SUPPLIED ENTRIES:

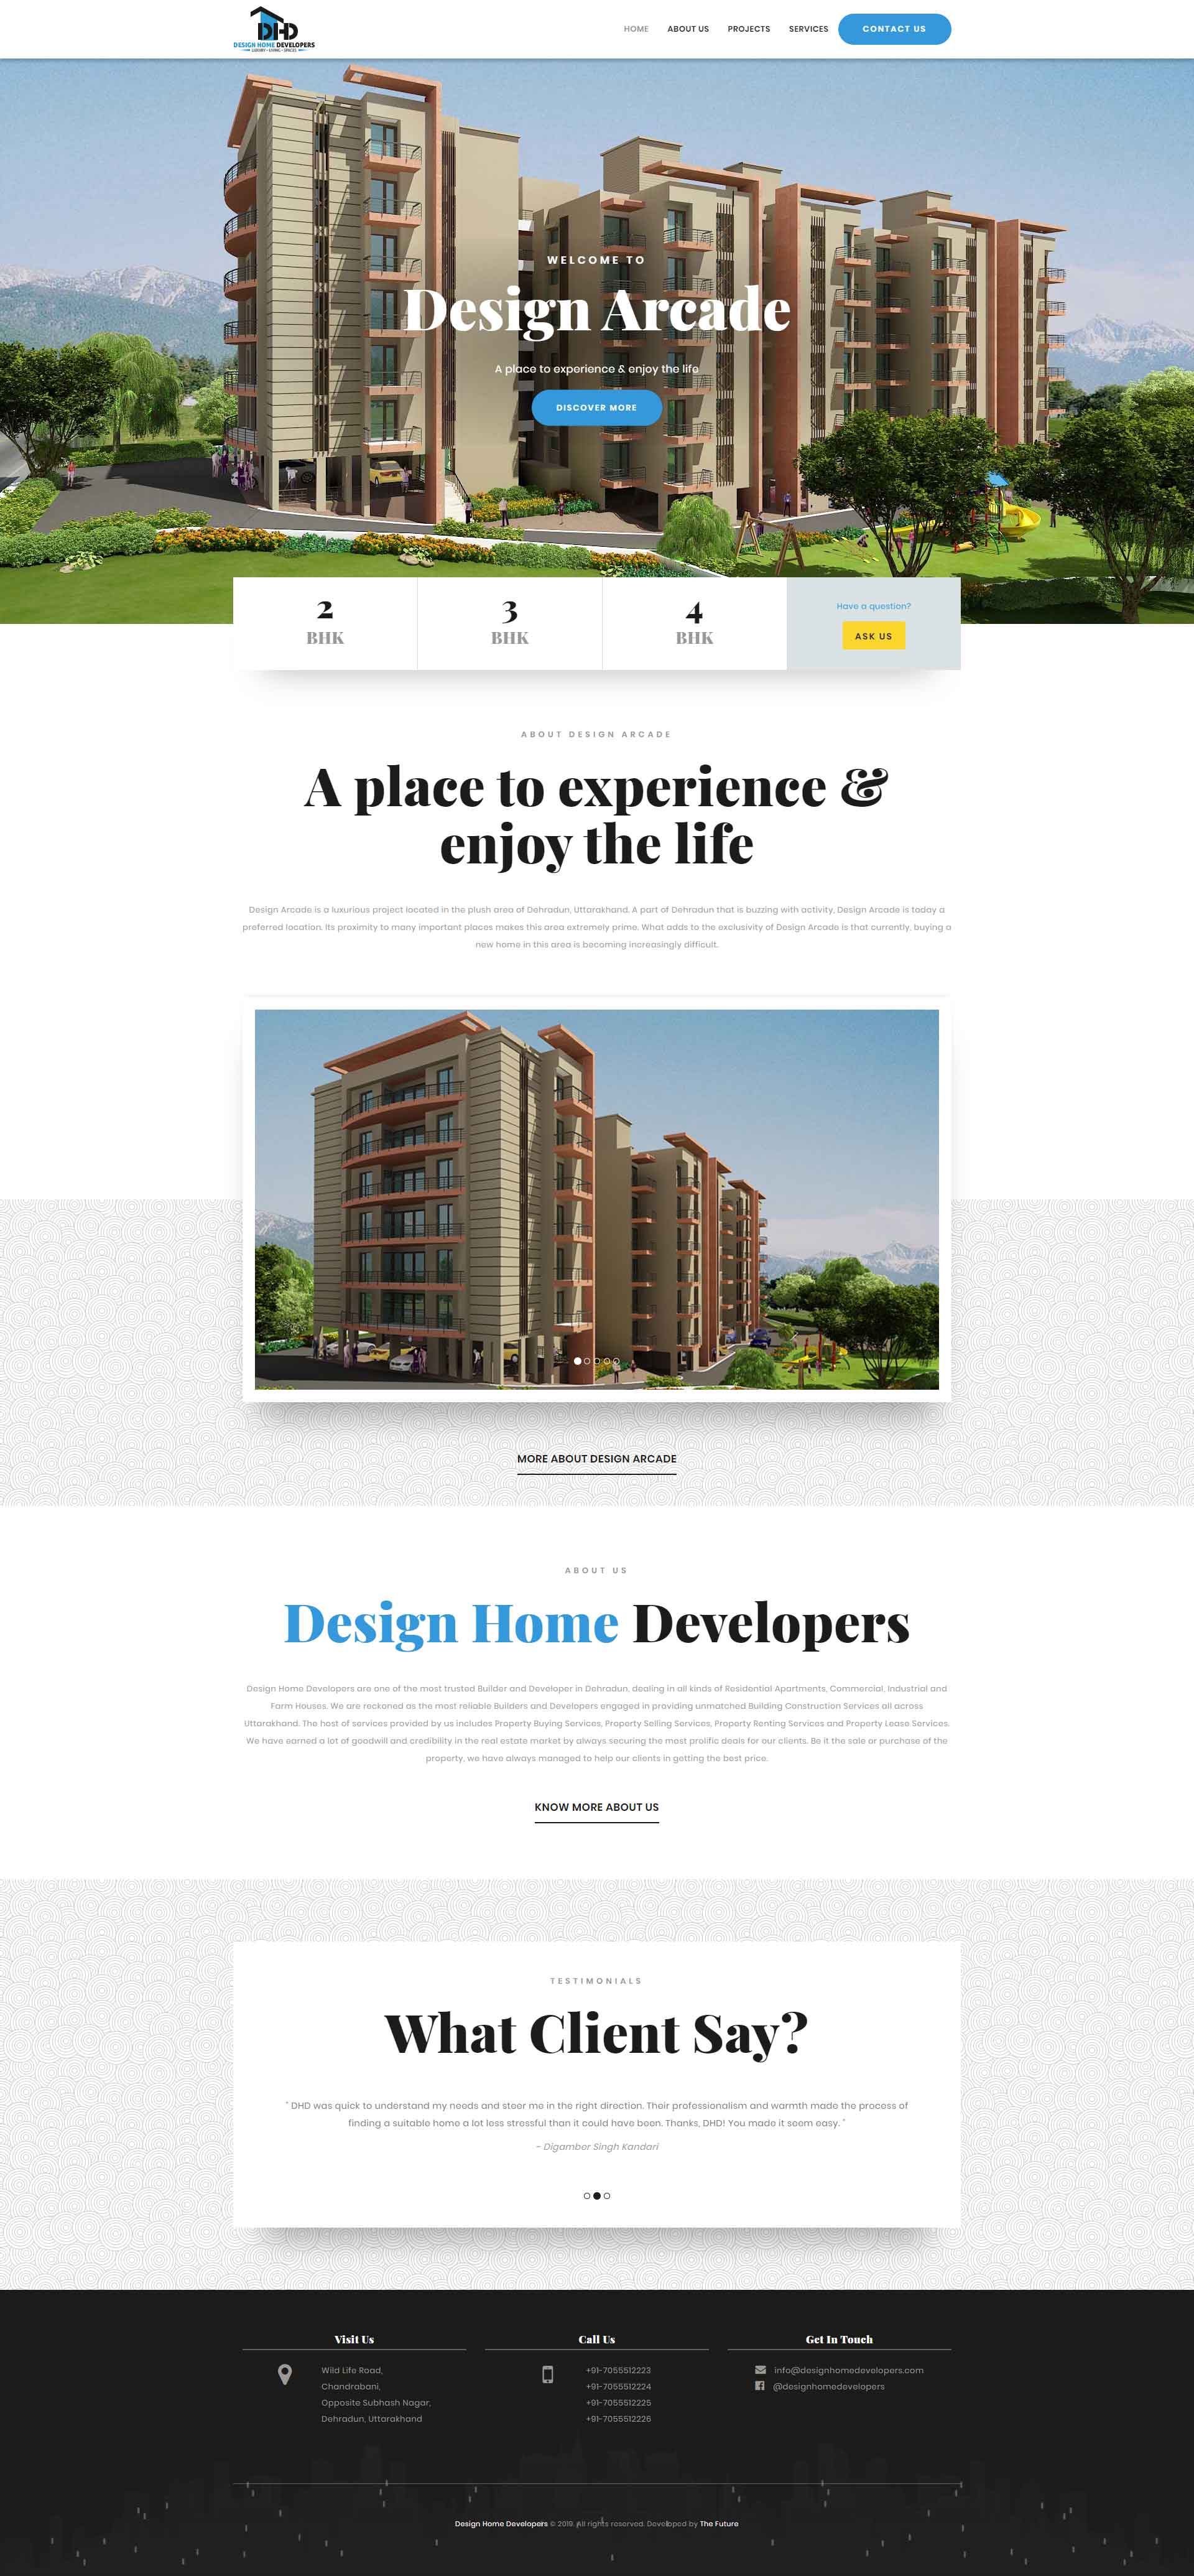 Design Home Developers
==
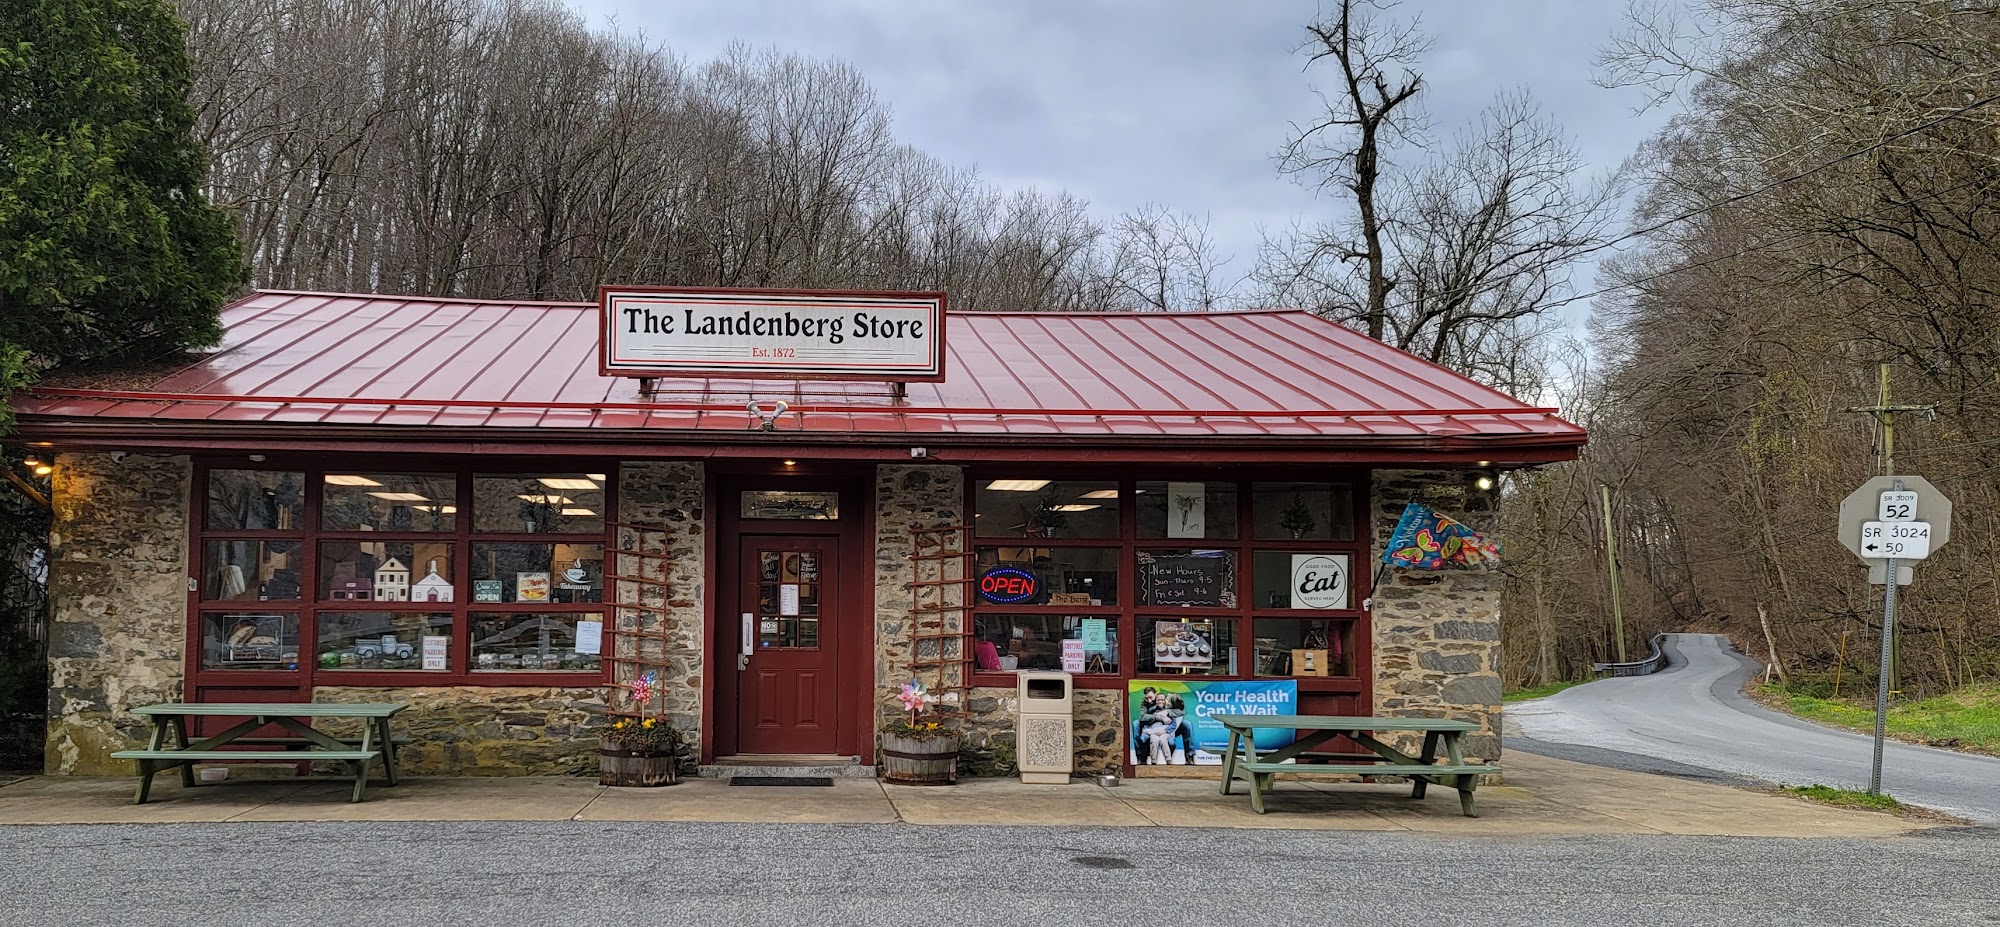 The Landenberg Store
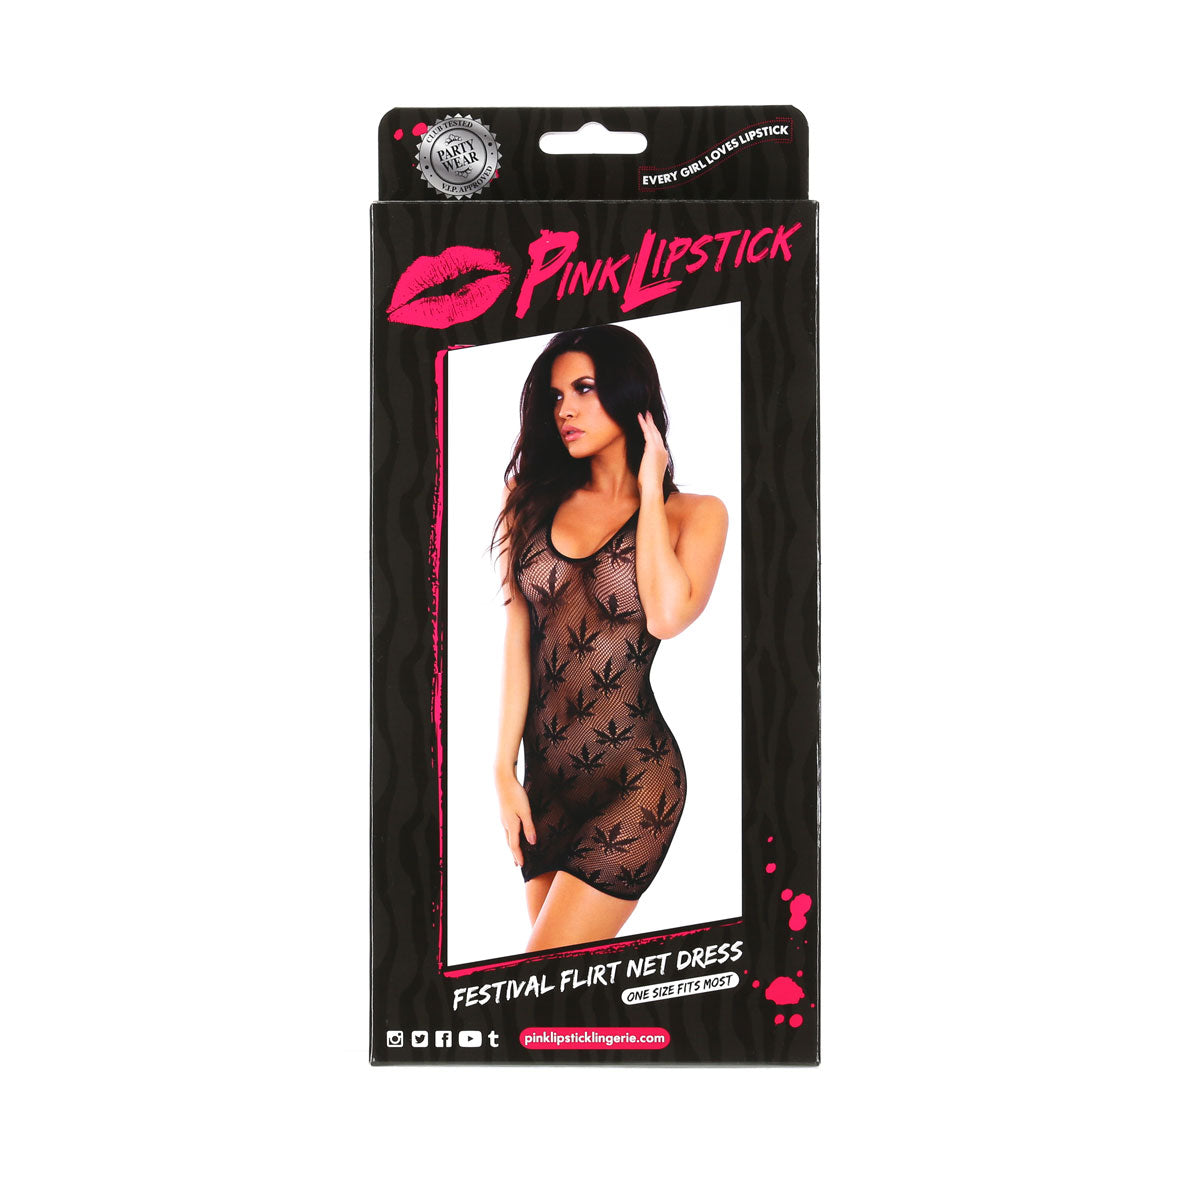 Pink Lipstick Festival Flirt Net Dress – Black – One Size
==
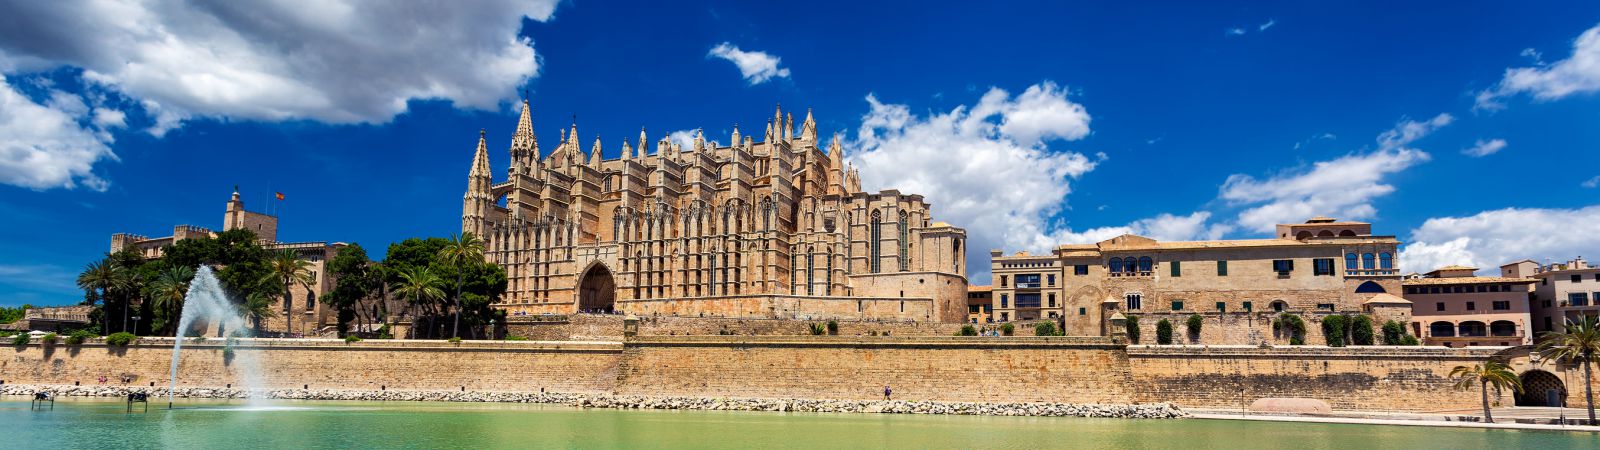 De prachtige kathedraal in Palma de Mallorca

WHAT YOU WILL DO: Repeat the lines above exactly, beginning with the one containing "The Landenberg Store" and finishing with the one containing "Pink Lipstick Festival". No pictures belong in the copy.

OUTPUT OF THE EXERCISE:
 The Landenberg Store
 Pink Lipstick Festival Flirt Net Dress – Black – One Size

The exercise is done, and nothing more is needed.